● AIM OF THE TASK
Provide an exact copy of the data, excluding the images.

● DATA EXTRACT
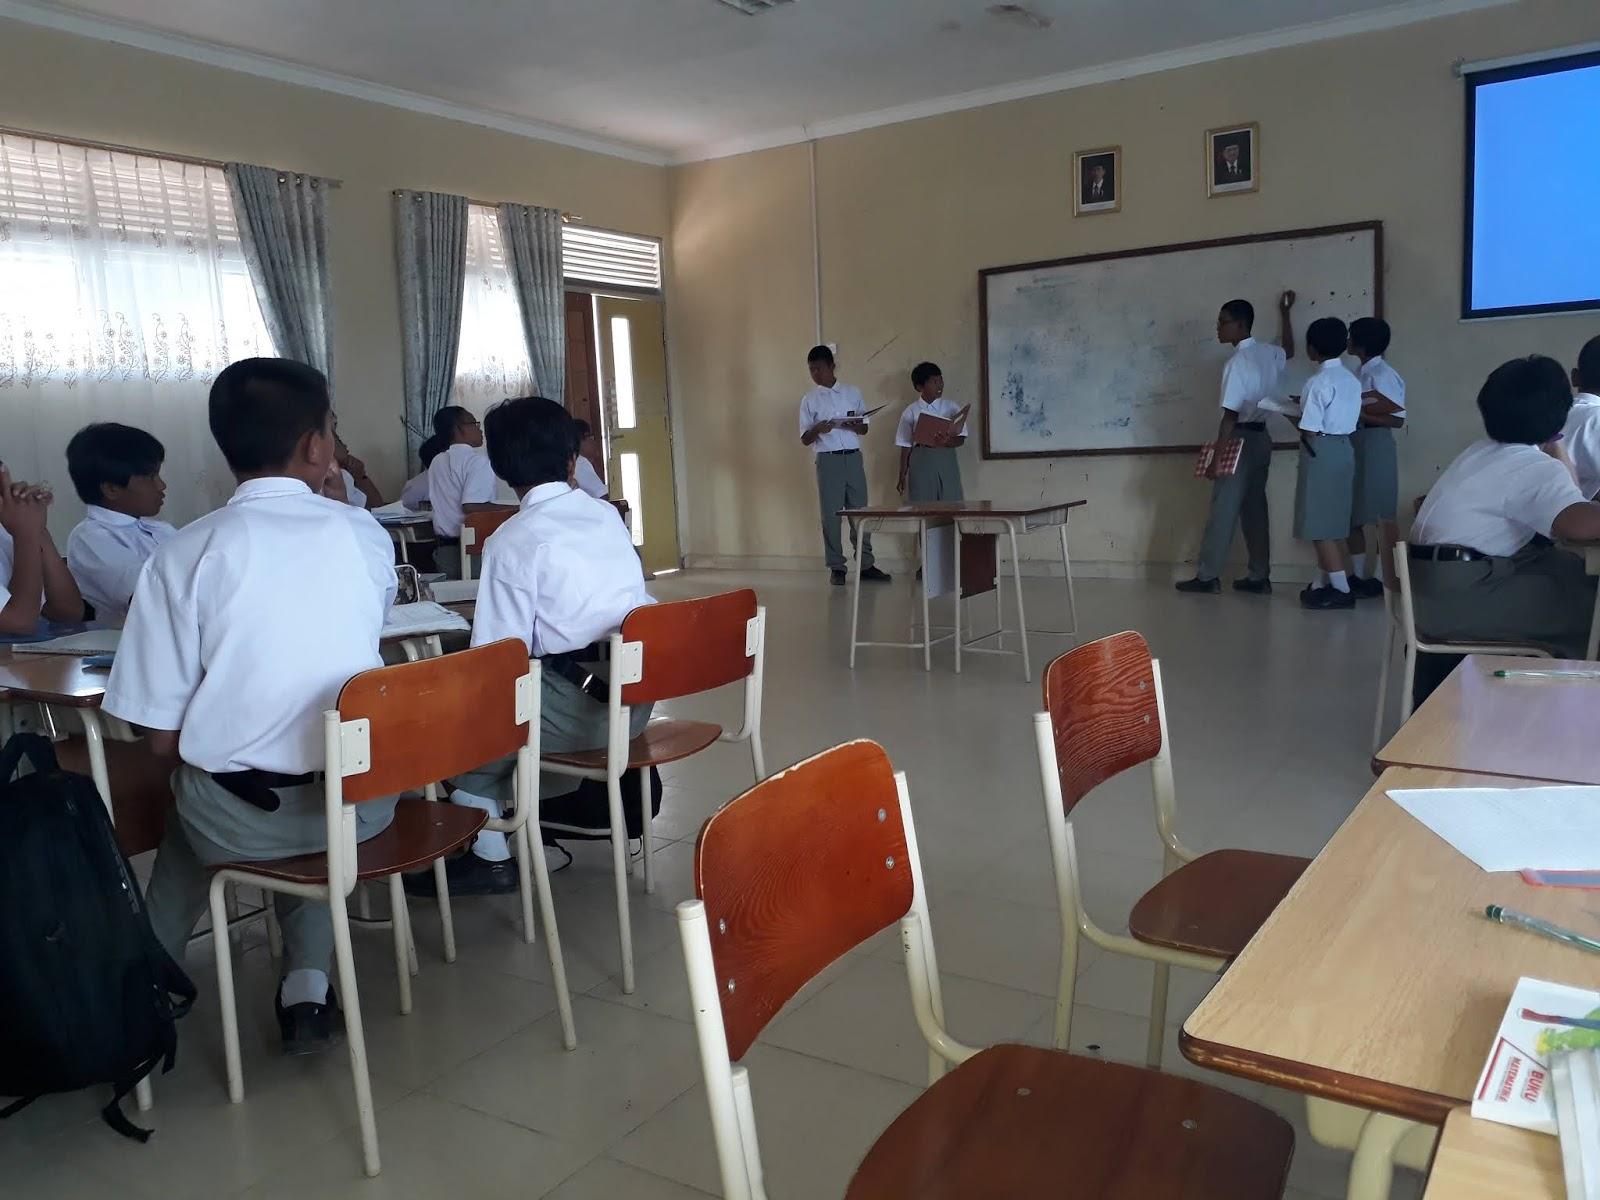 Belajar Membuat Penelitian Tindakan Kelas (PTK): Indentifikasi, Pemilihan, Deskripsi dan Rumusan Masalah PTK
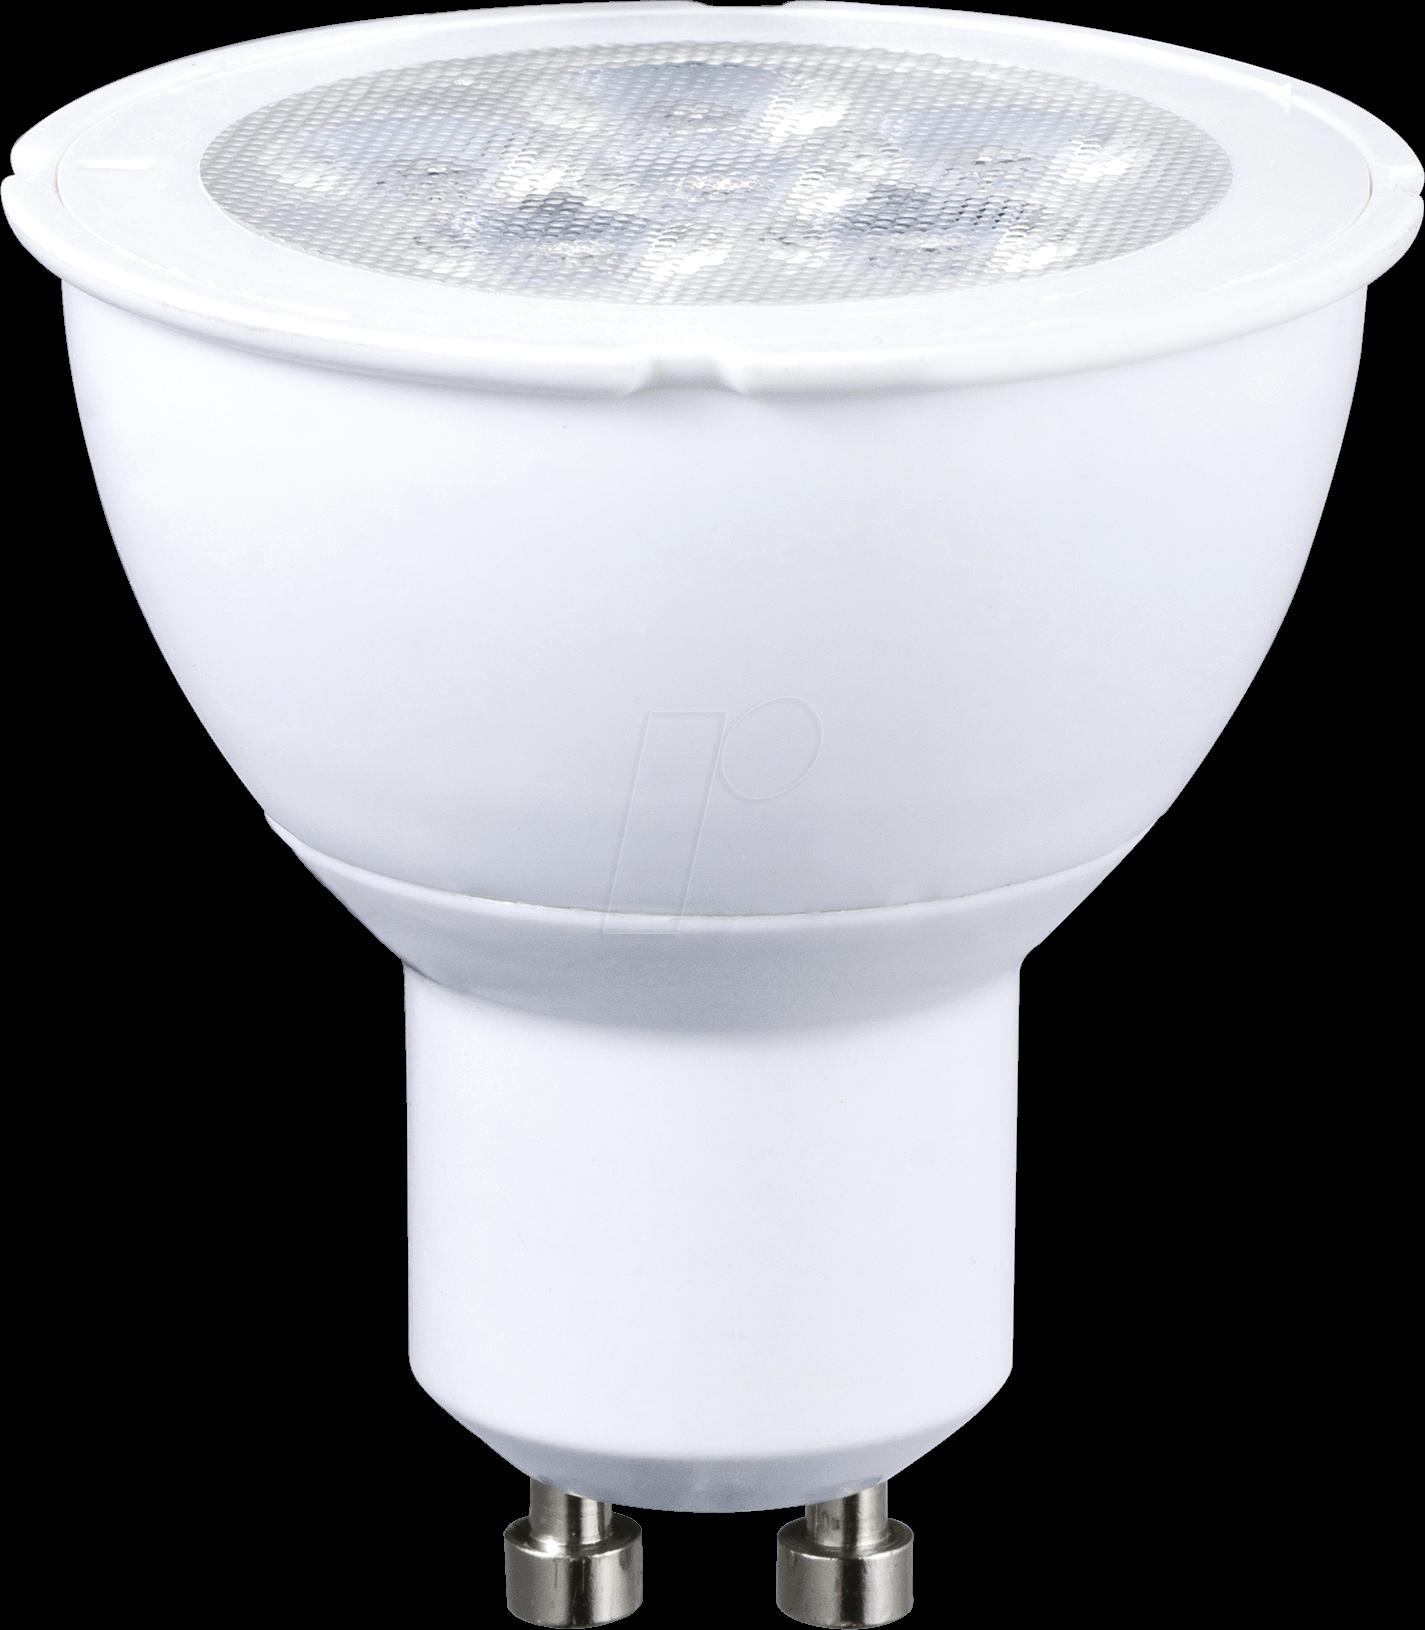 LGU10MR16001 - LED-Strahler GU10, 2,5 W, 140 lm, 2700 K
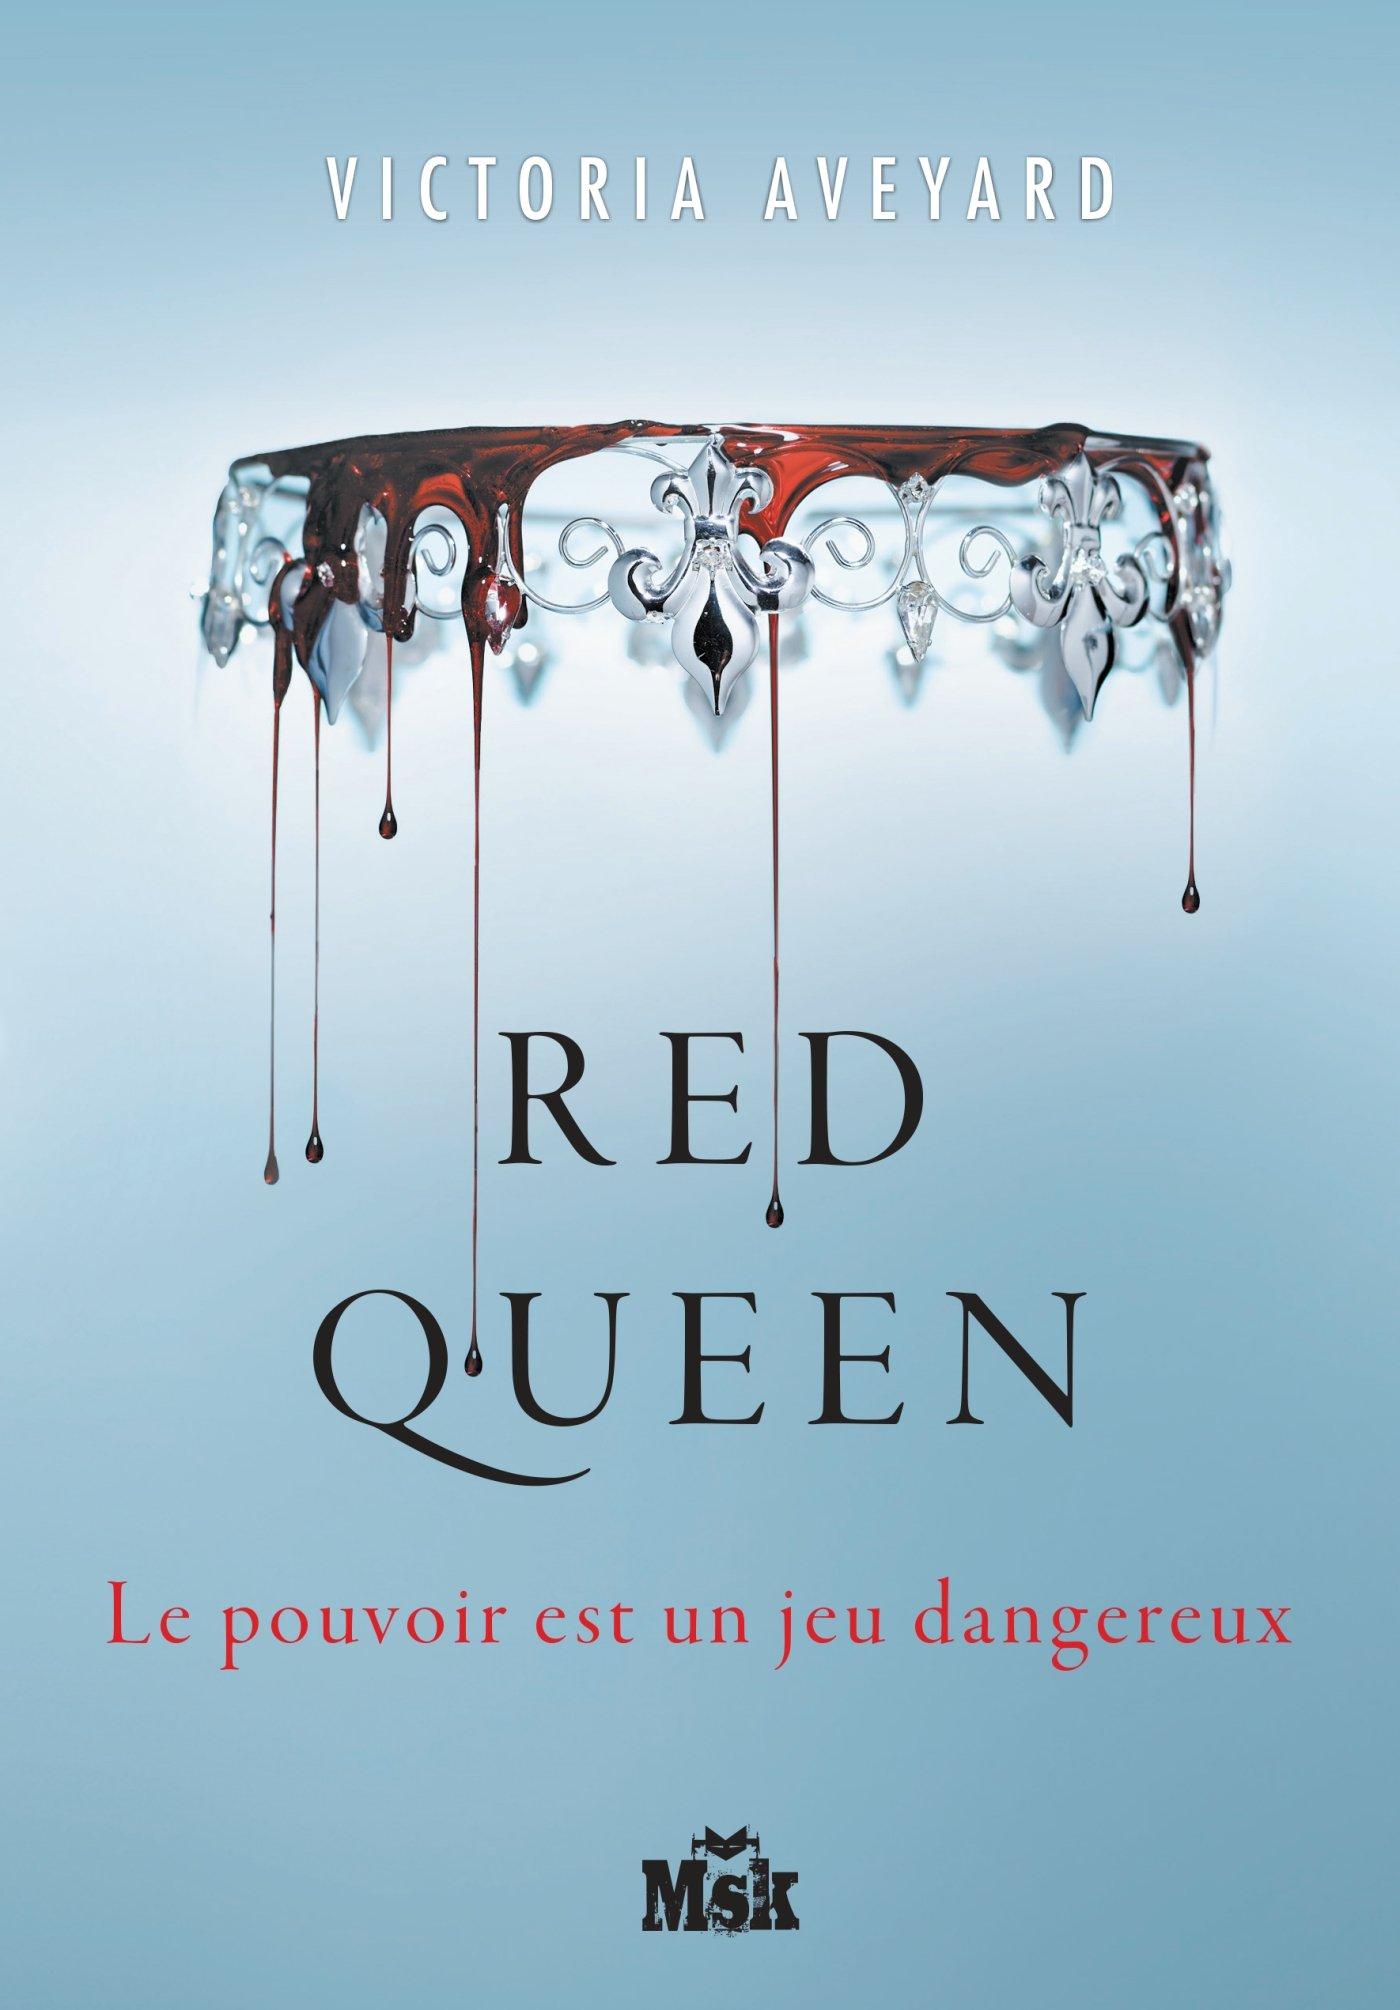 """Résultat de recherche d'images pour """"red queen livre"""""""

● OUTPUT BELOW
 Belajar Membuat Penelitian Tindakan Kelas (PTK): Indentifikasi, Pemilihan, Deskripsi dan Rumusan Masalah PTK
 LGU10MR16001 - LED-Strahler GU10, 2,5 W, 140 lm, 2700 K
 """Résultat de recherche d'images pour """"red queen livre"""""""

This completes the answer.